What to produce:
Without the pictures, output all of the data exactly.

━━━━━ Dataset excerpt

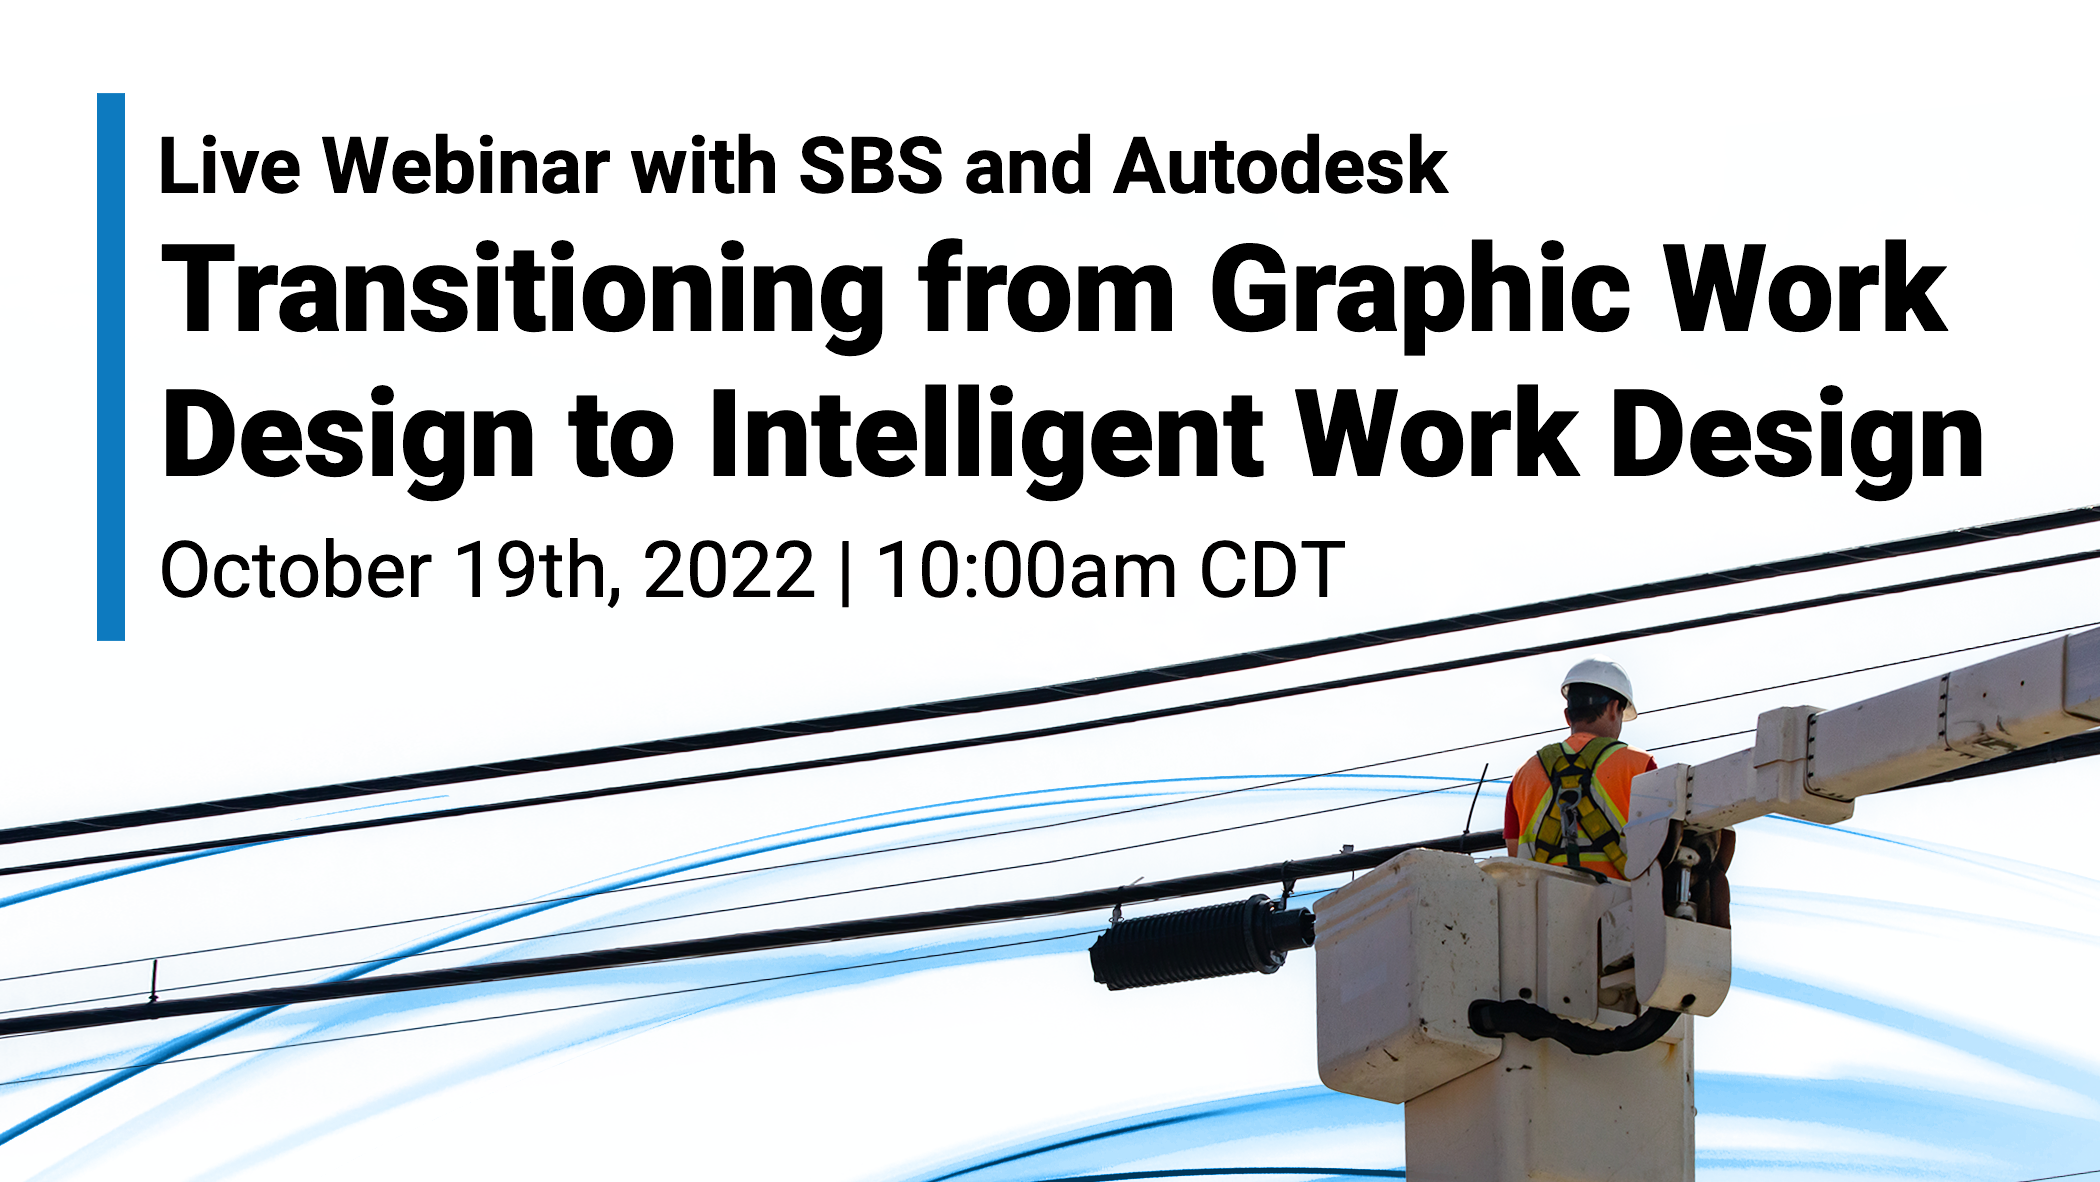 Live Webinar with SBS And Autodesk
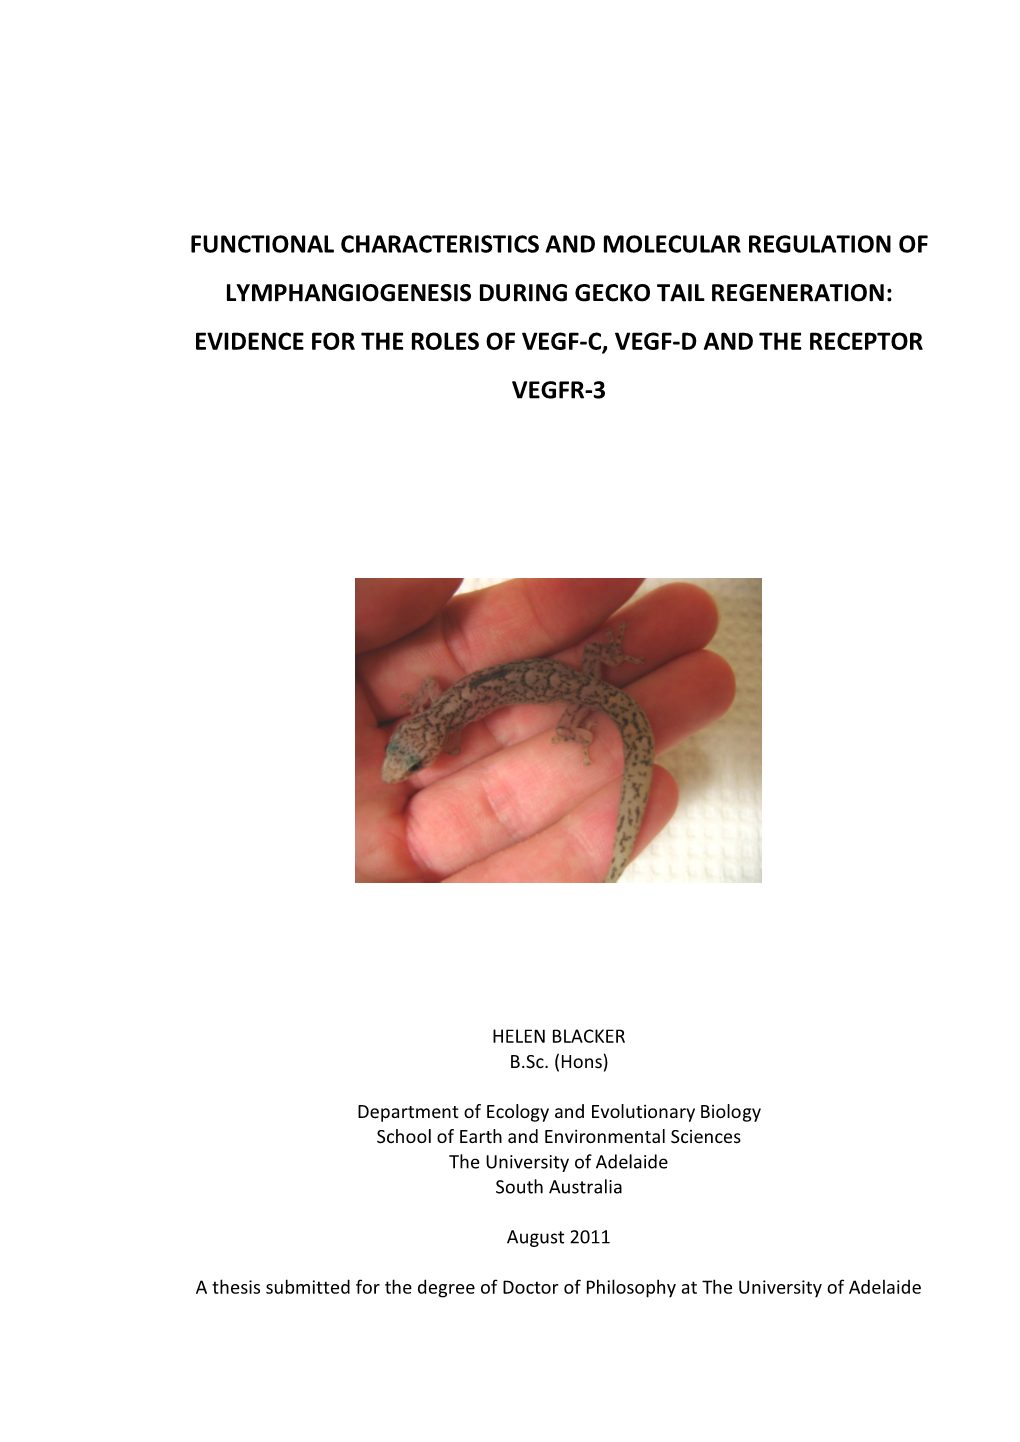 Chapter One INSIGHTS INTO LYMPHANGIOGENESIS and LIZARD TAIL REGENERATION
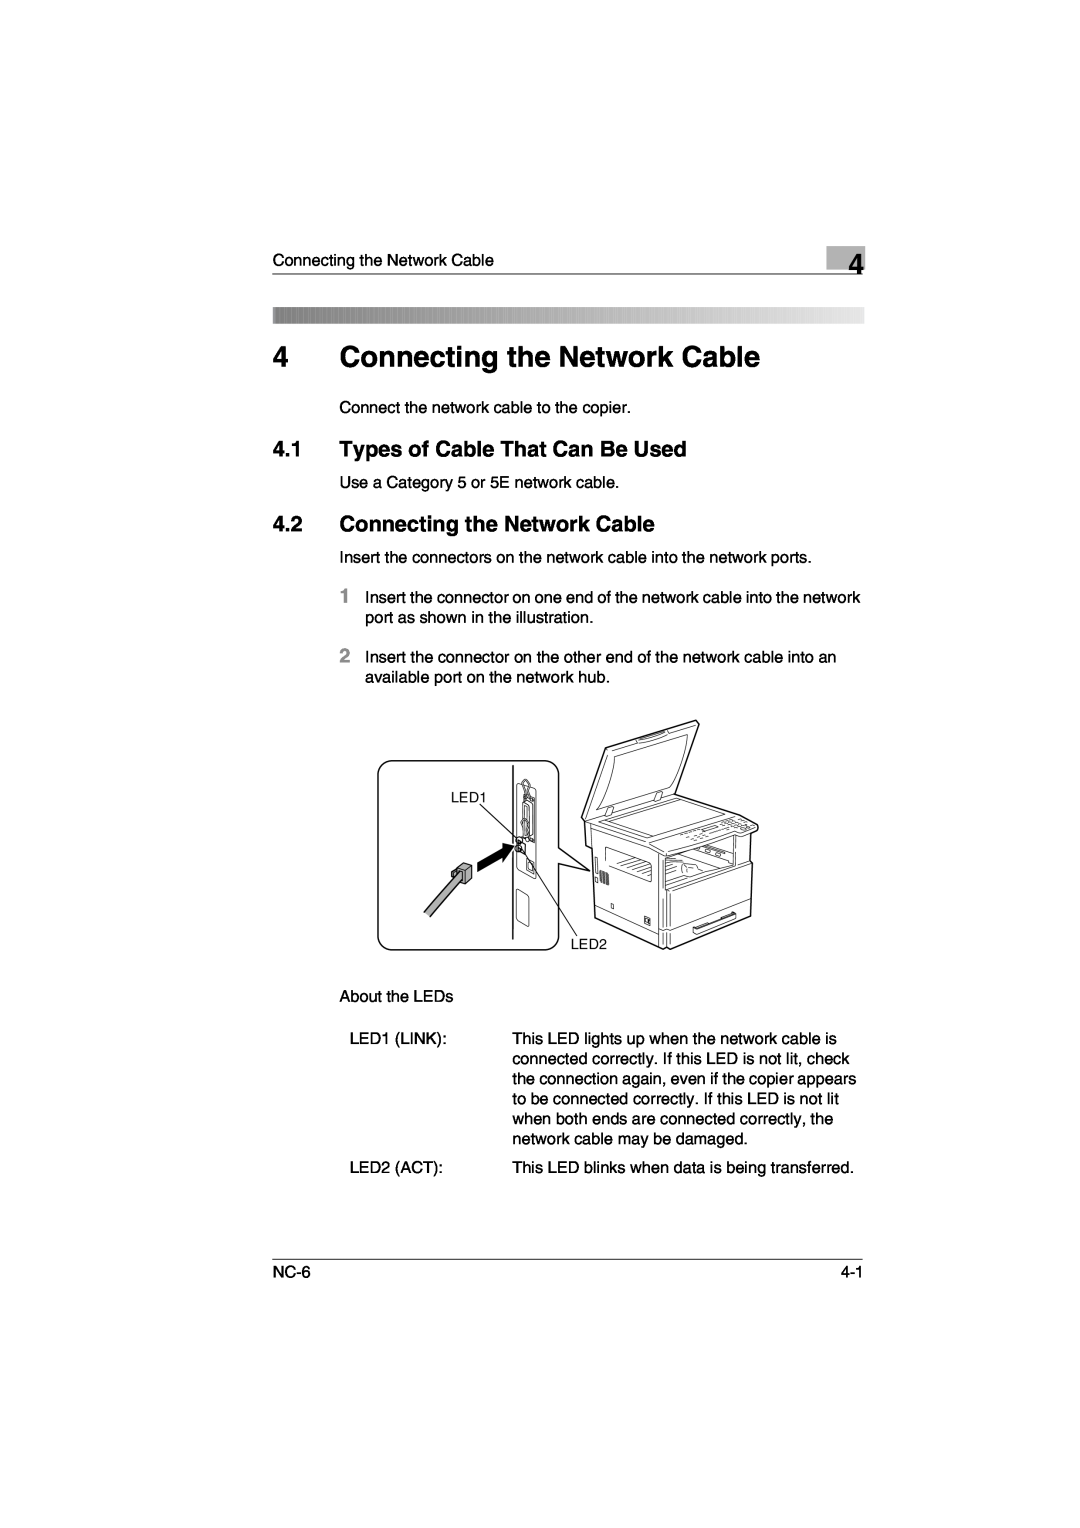 Konica Minolta NC-6 user manual Connecting the Network Cable, Types of Cable That Can Be Used 
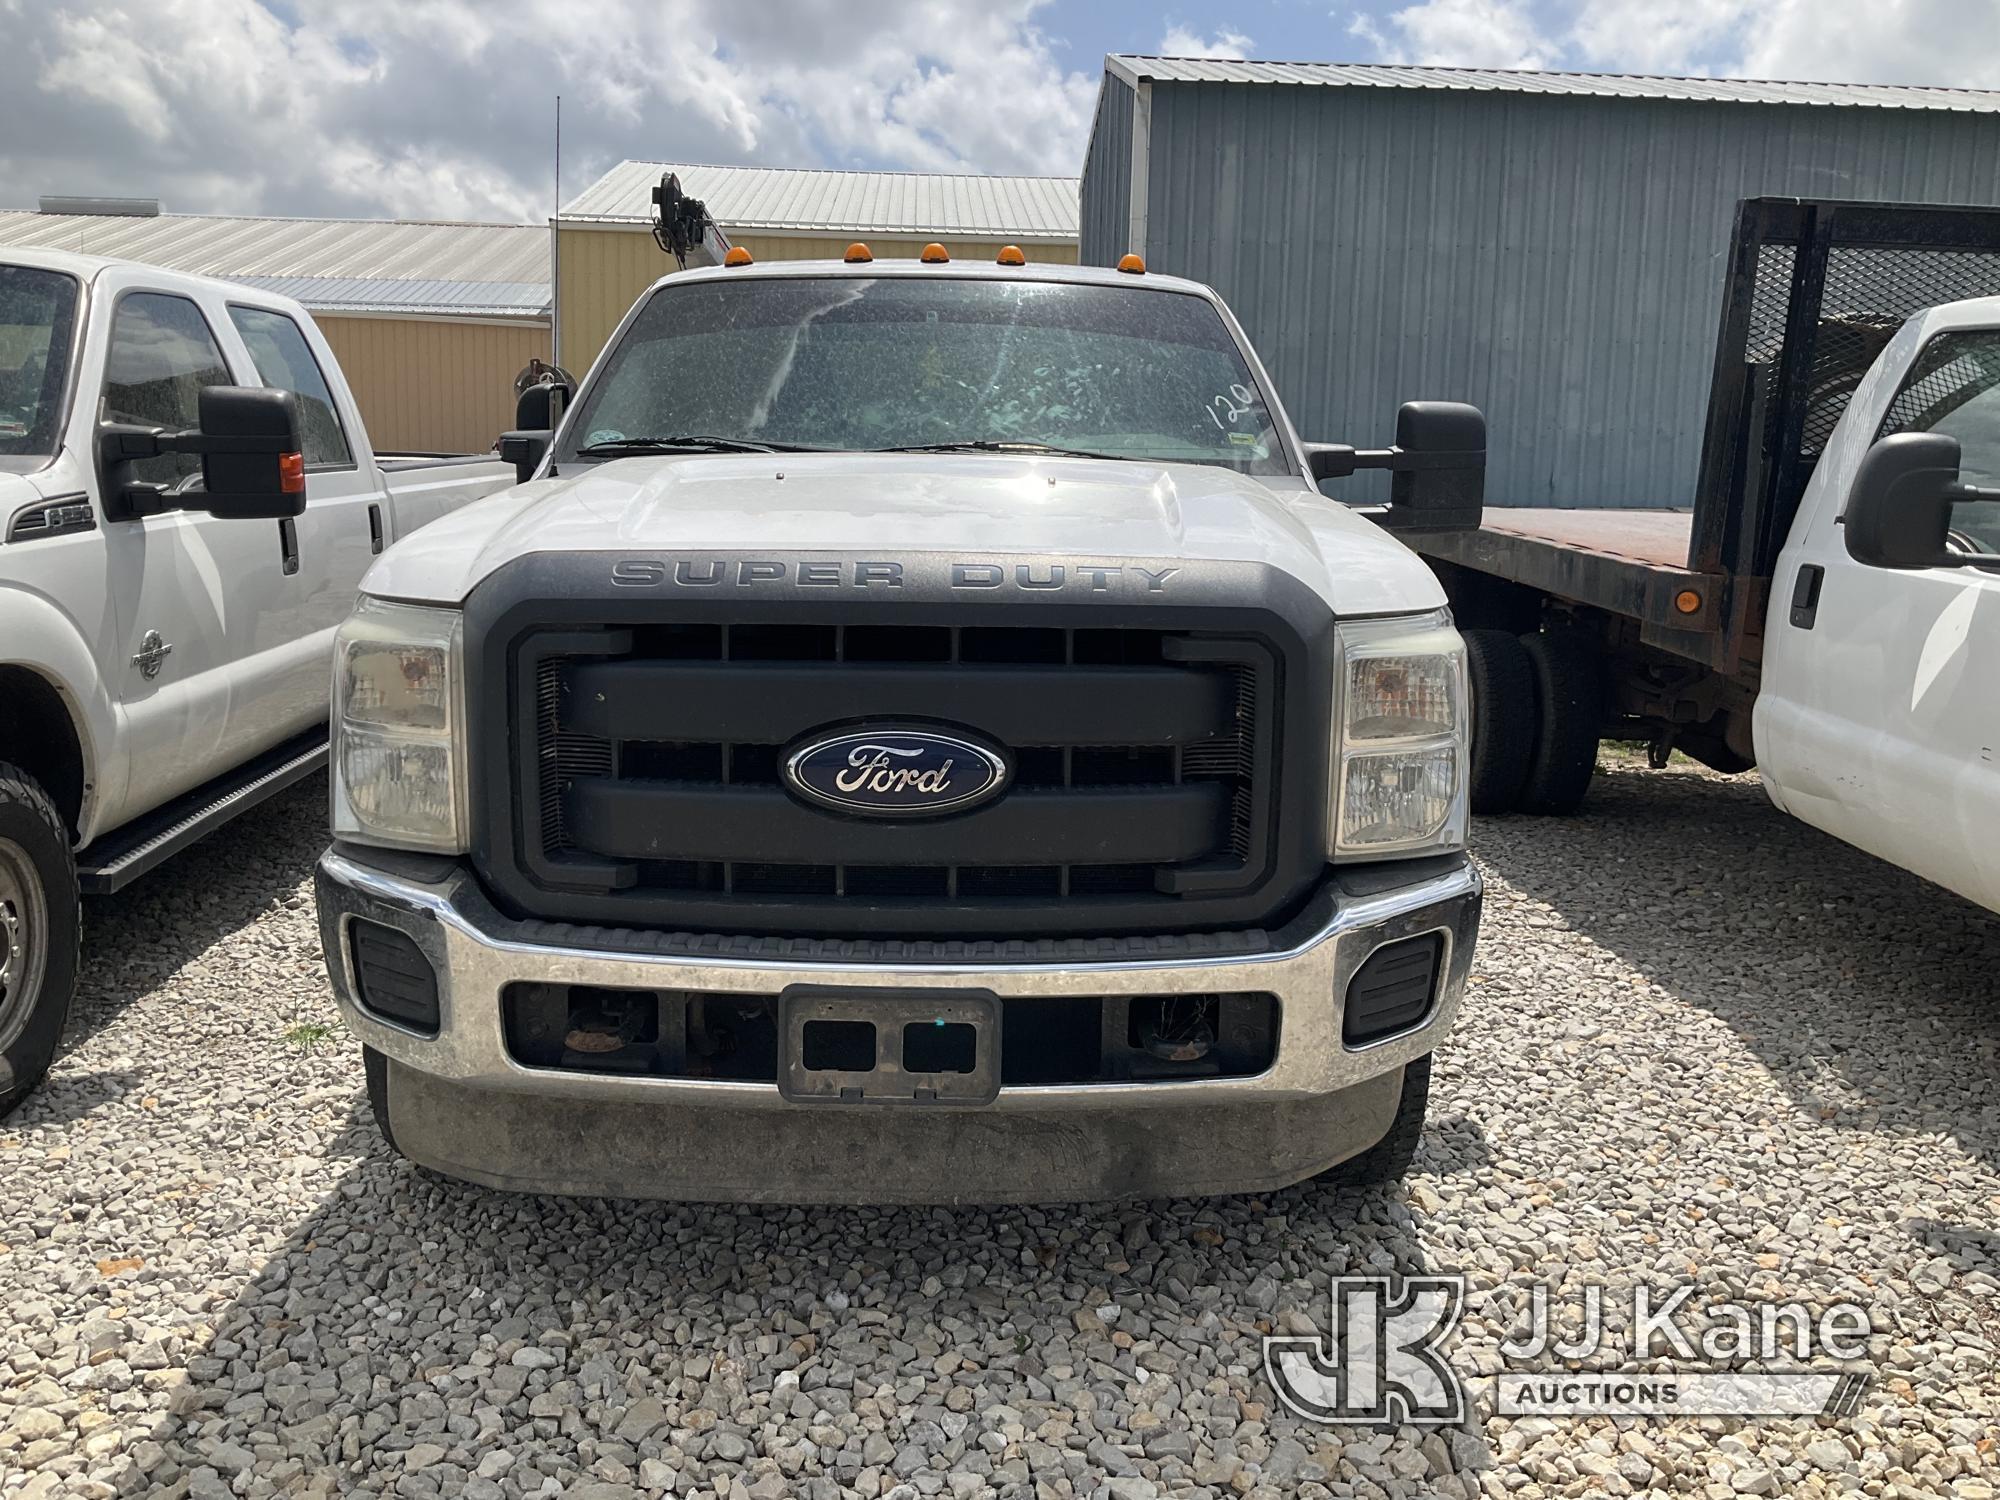 (Tipton, MO) 2013 Ford F350 4x4 Extended-Cab Service Truck Jump to Start, Runs, Moves. Dealer Only,

━━━━━━━━━━

Written reply:
 Live Webinar with SBS And Autodesk
 Chapter One INSIGHTS INTO LYMPHANGIOGENESIS and LIZARD TAIL REGENERATION
 Konica Minolta NC-6 user manual Connecting the Network Cable, Types of Cable That Can Be Used 
 (Tipton, MO) 2013 Ford F350 4x4 Extended-Cab Service Truck Jump to Start, Runs, Moves. Dealer Only,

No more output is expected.